И снова стало тихо. От крика звенело в ушах. Марина резко вдруг встала, и сейчас же Женька метнулся к ней, замер, а потом стал падать, как падает в слабом гравиполе веревка, если ее перерезать сверху. Он медленно сломался сначала в коленях, потом в поясе и приник к ногам жены.
Она положила руки ему на затылок и плотнее прижала к себе, голова ее запрокинулась.
— Все, Марина, — жалко пробормотал он. — Все. Не презирай меня. Я правда не могу. Уедем. На твой остров, да? Я помогать буду, аппаратуру таскать, водить катер, вести черновики… все, что скажешь. Возьмем ребят. Они рады будут, я им про остров столько рассказывал!..
— Перестань кричать, — сказала Марина.
Он отстранился от нее, запрокинулся, снизу заглядывая ей в лицо:
— Поедем! Хватит об этом, все будет хорошо, правда!..
— Ну перестань же кричать! — жутко выкрикнула она, прижав кулаки к щекам и даже ногой притопнув, словно в негодовании.
— Да я… я не кричу же… — растерянно пролепетал он.
— Все кончилось, — произнесла она спокойно.
— Марина, какой вы еще ребенок. — Я старательно улыбнулся. — Да ничего не кончилось. Вы просто устали. Ложитесь спать, включите снотвор. Завтра вы поймете, что все к лучшему — то, что вы узнали. Ненастоящее пройдет, настоящее останется.
— Настоящего нет.
— Нет, — вдруг согласился Женька, по-прежнему стоя на коленях. Она вздрогнула. — Знаешь, Энди, нам ведь звонили с Токелау. Ждут, приготовлена секция в коттедже… Заботятся! Кто я на этой планете, зачем?
— Убей нас! — резко сказала Марина. — Убей нас опять!
— Маринушка! Ну чего ты хочешь? Я зову тебя ехать — ты отказываешься, я думаю — ты упрекаешь…

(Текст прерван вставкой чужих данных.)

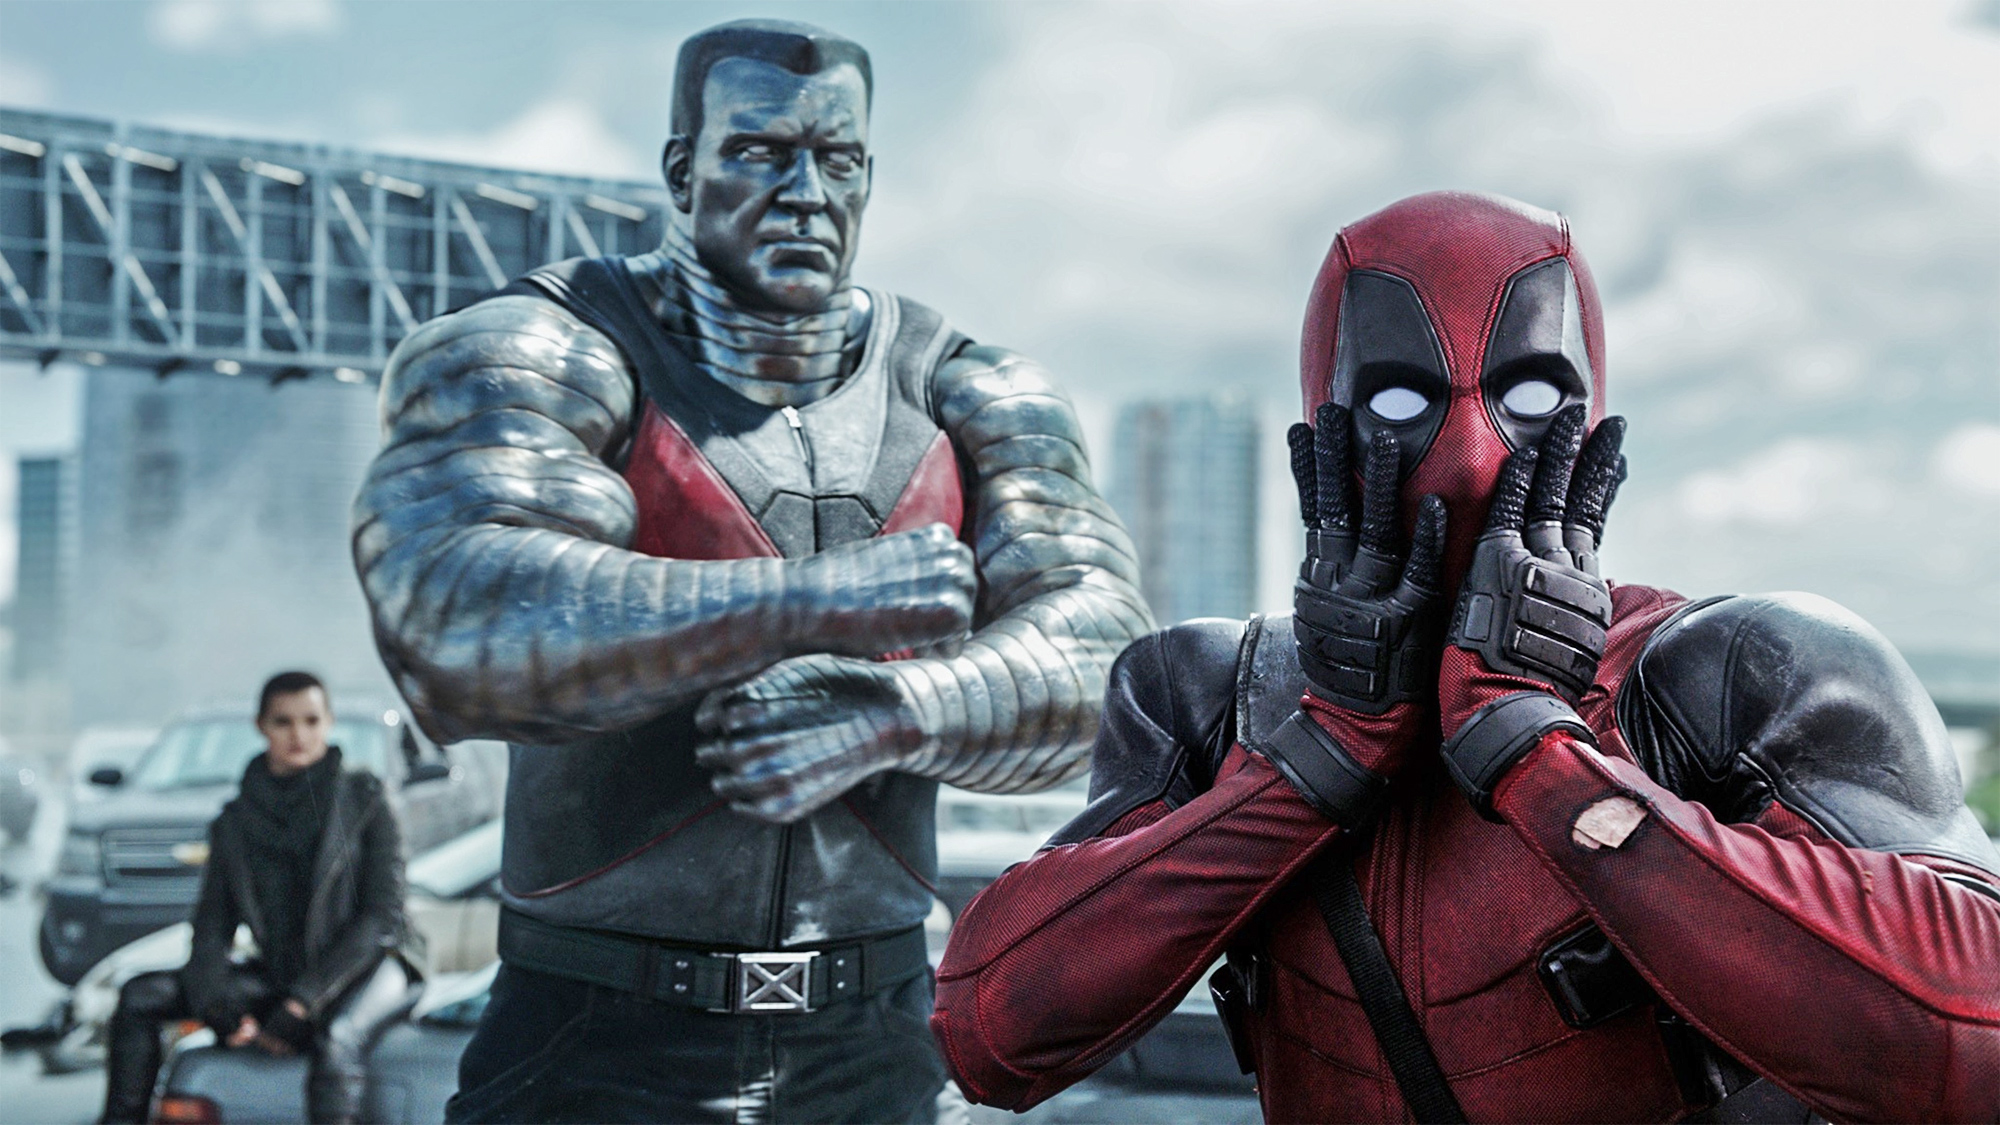 Negasonic Teenage Warhead, Colossus, and Deadpool, 3 potential characters for deadpool 3, one of the upcoming marvel movies

— Чего ты сам-то хочешь? — спросил я.
— Я? Я сам? — Эта постановка вопроса его удивила. Наверное, он давно разучился хотеть сам. Он оглянулся на Марину, ища ее взгляда, но она смотрела в сторону. — Не знаю, Энди. Мне противно и стыдно. И очень тоскливо. Я не могу ни успокоить ее, ни порадовать, видишь? Я хочу, чтобы мне не было противно и стыдно, но как…
— Всегда знала, — брезгливо сказала Марина, — что ты размазня, но настолько…
— Не смейте так говорить! — не выдержал я. — Марина, мы с вами можем беседовать таким приятным образом хоть до скончания века, но не он! Все не так! Вы поддержать его…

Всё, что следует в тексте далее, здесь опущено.